I just got back from about three weeks in Japan. It’s pretty crazy over there. I ate some fish that was pretty much still alive. I went to a huge karaoke place and had to wait over an hour just to get a booth (5 stories and completely jammed packed). I rode packed subways, fighting the pulsing and swelling crowds, using my daughter’s stroller as a plow to create an opening of escape for us. Marveled at the fun fire hydrants (see the pic below), the underground malls and the paths for the blind (see pic). But the one thing I like. I mean I REALLY dug it. Was the water heaters. Water heaters that never run out of hot water. OMG.
So I’m on a mission. A mission to spread the word about on demand water heaters.
I love them. I mean, they don’t run out of hot water and they conserve energy. What’s not to love?
On Demand Water Heaters Use Less Energy
I checked out energy.gov for some info about on demand water heaters and efficiency. Guess what I found? They are truly more efficient. Here’s some info from the site:
For homes that use 41 gallons or less of hot water daily, demand water heaters can be 24%–34% more energy efficient than conventional storage tank water heaters. They can be 8%–14% more energy efficient for homes that use a lot of hot water — around 86 gallons per day. You can achieve even greater energy savings of 27%–50% if you install a demand water heater at each hot water outlet. ENERGY STAR® estimates that a typical family can save $100 or more per year with an ENERGY STAR qualified tankless water heater.
How Tankless Water Heaters Work
The high efficiency thing got me thinking. How do these wonderful things work? How do they defy reality and the laws of physics by providing a NEVER ENDING stream of hot water! I’m serious. You could take a 4 hour shower and it WILL NEVER GET COLD. How cool is that? Again, I turned to the experts at energy.gov for some answers:
Tankless water heaters heat water directly without the use of a storage tank. When a hot water tap is turned on, cold water travels through a pipe into the unit. Either a gas burner or an electric element heats the water. As a result, tankless water heaters deliver a constant supply of hot water. You don’t need to wait for a storage tank to fill up with enough hot water. However, a tankless water heater’s output limits the flow rate.
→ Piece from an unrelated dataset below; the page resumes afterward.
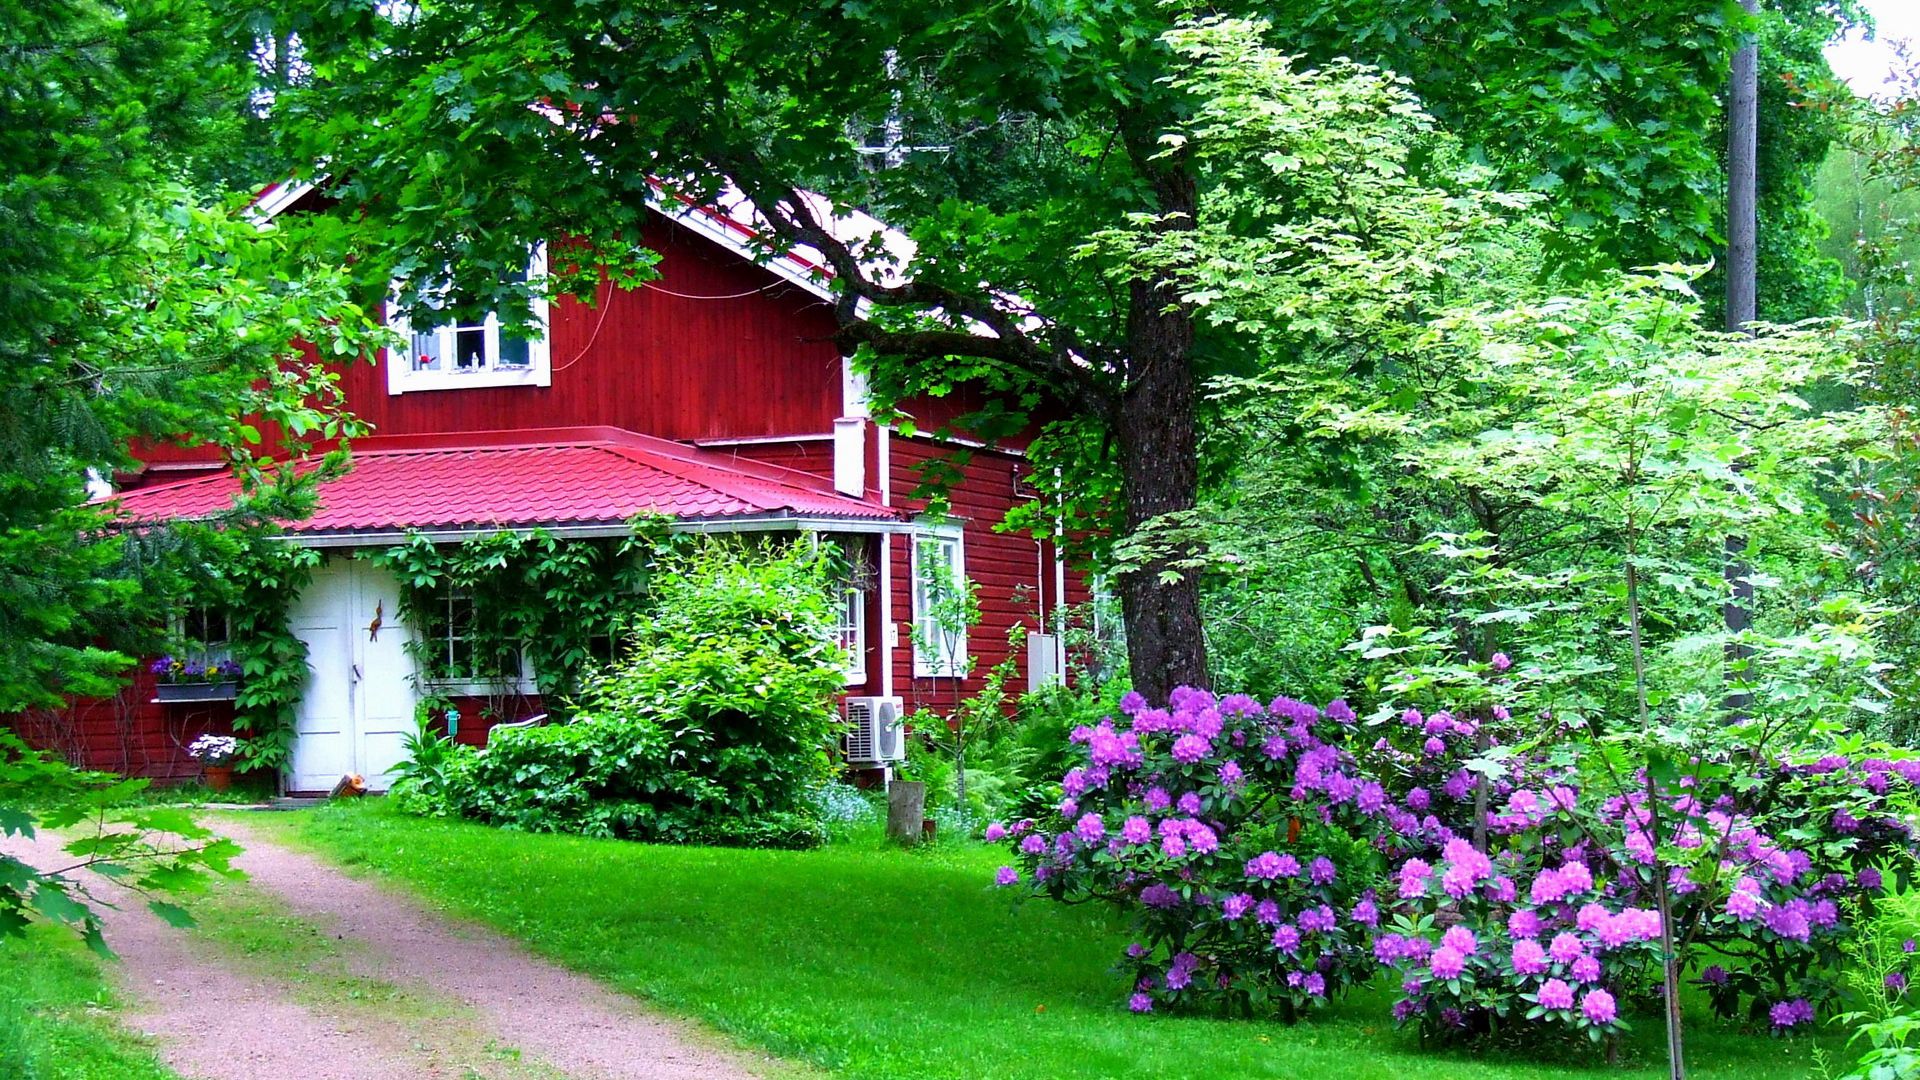 Download wallpaper 1920x1080 house, garden, yard, flowers, green, door full  hd, hdtv, fhd, 1080p hd background

Typically, tankless water heaters provide hot water at a rate of 2–5 gallons (7.6–15.2 liters) per minute. Gas-fired tankless water heaters produce higher flow rates than electric ones. Sometimes, however, even the largest, gas-fired model cannot supply enough hot water for simultaneous, multiple uses in large households. For example, taking a shower and running the dishwasher at the same time can stretch a tankless water heater to its limit. To overcome this problem, you can install two or more tankless water heaters, connected in parallel for simultaneous demands of hot water. You can also install separate tankless water heaters for appliances — such as a clothes washer or dishwater — that use a lot of hot water in your home.
In Japan, there were controls for heaters usually in bathrooms and in kitchens. This would suggest that they use the method of having different heaters in different locations. This is definitely something I will consider, though it sounds like it could greatly up the cost.
Speaking of Costs…
Are they really that much more expensive? Is the extra expense worth it? Let’s take a look:
The initial cost of a tankless water heater is greater than that of a conventional storage water heater, but tankless water heaters will typically last longer and have lower operating and energy costs, which could offset its higher purchase price. Most tankless water heaters have a life expectancy of more than 20 years. They also have easily replaceable parts that extend their life by many more years. In contrast, storage water heaters last 10–15 years.
So there you have it. I’m sold. I’ll put in the investment and enjoy the results.
A four-hour shower?
If I want to, I can, with a tankless water heater.